Very complicated weighting structures often lead to overfitting because this is simply memorizing the training inputs and not allowing it to learn abstract and generalize the problem. Regularization is a very important technique for machine learning and neural networks. It reduces the complexity of a machine learning model by reducing the complexity of the weights in the neural network. This leads to a reduction in overfitting.
In this tutorial, we’ll discuss what regularization is and when and why it may be helpful to add it to our model. We’re going to look at L1 and L2 regularizations and how these are used to combat overfitting in the neural network in various ways.
In general, regularization is a technique that helps reduce overfitting or reduce variance in our network by penalizing for complexity. The idea is that certain complexities in our model may make our model unlikely to generalize well even though it fits the training data. If we add regularization to the model we’re essentially trading in some of the ability of our model to fit the training data as well as the ability to have the model generalize better to data it hasn’t seen before.
Implement of regularization is to simply, add a term to our loss function that penalizes for large weights. The most common regularization technique is called L1/L2 regularization.
L1 regularization is the sum of the absolute values of all weights in the model.
Here, We are calculating a sum of the absolute values of all of the weights. These weights can be positive or negative they can be through a whole wide range of things. We sum up all the weights and multiply them by a value called alpha which you have to tell it “how big of an effect you want the L1 to have alpha”.

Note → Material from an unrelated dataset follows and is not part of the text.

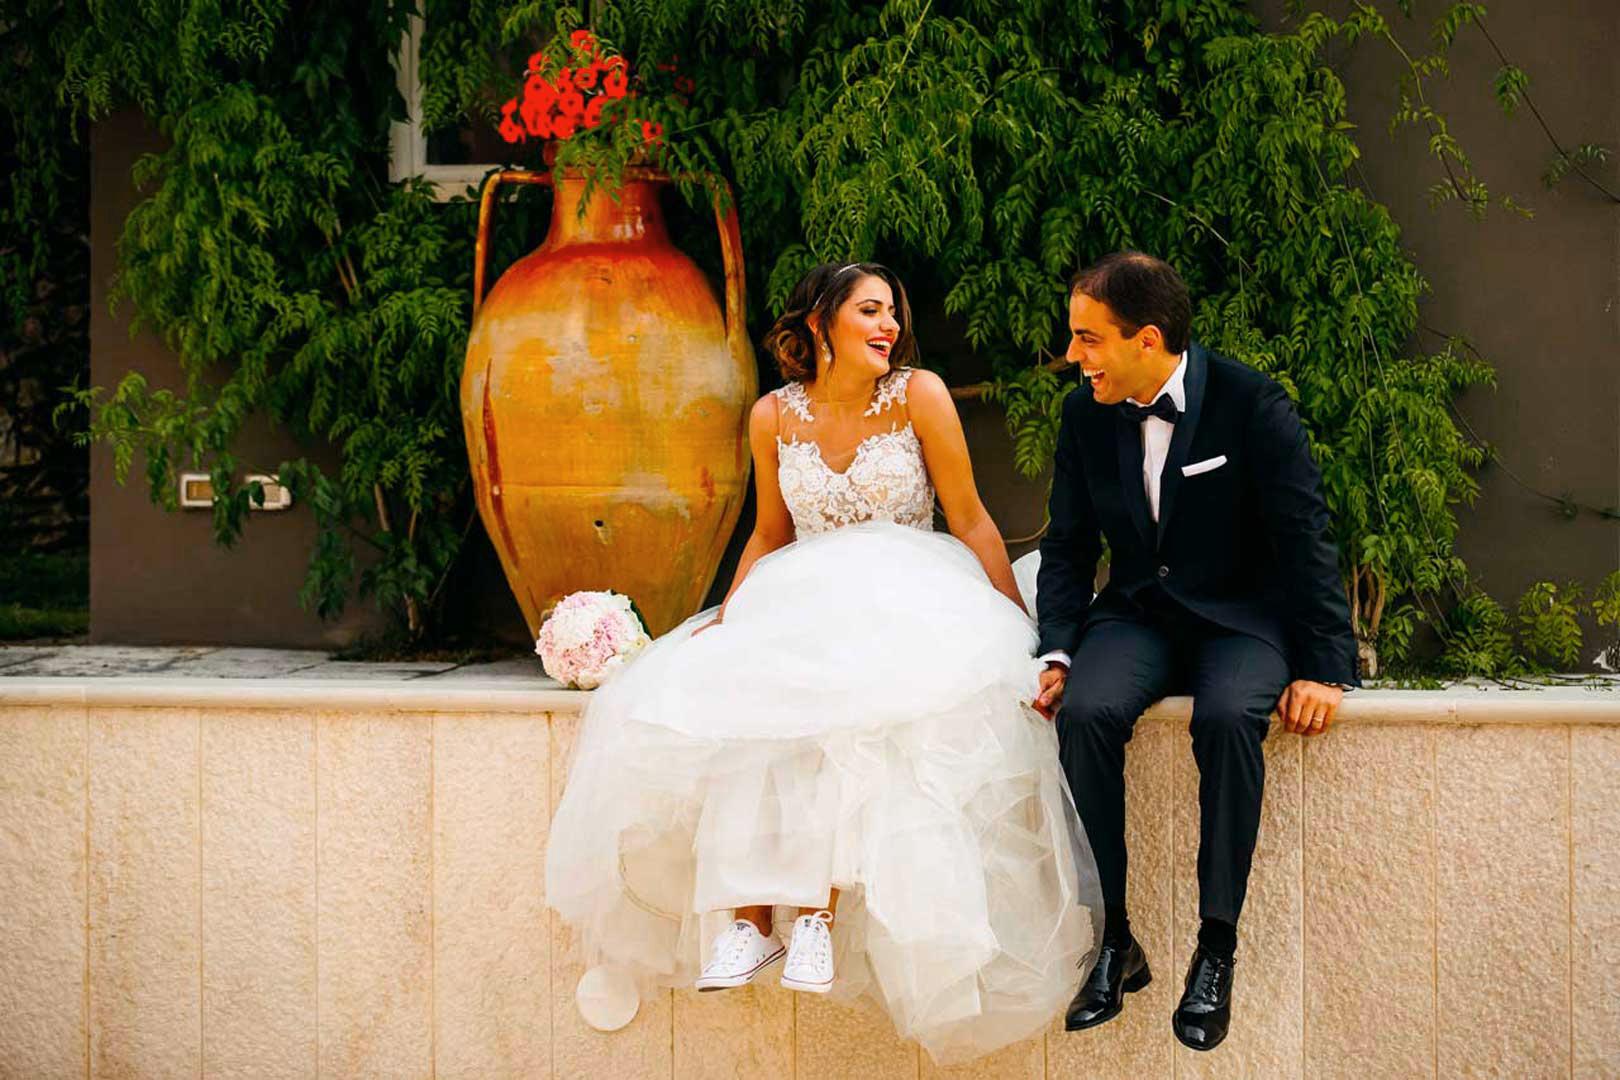 034-coppia-sposi-matrimonio-italiano-gianni-lepore

It tries to shrink error as much as possible if you’re adding the sum of the weights onto that error it’s going to shrink those weights because that’s just an additive property of the weights so it tries to shrink the weights down. We’re taking the absolute values of that because if we didn’t take the absolute value and try to push all the weights to negative numbers and that would really be bad.
The most popular regularization is L2 regularization, which is the sum of squares of all weights in the model.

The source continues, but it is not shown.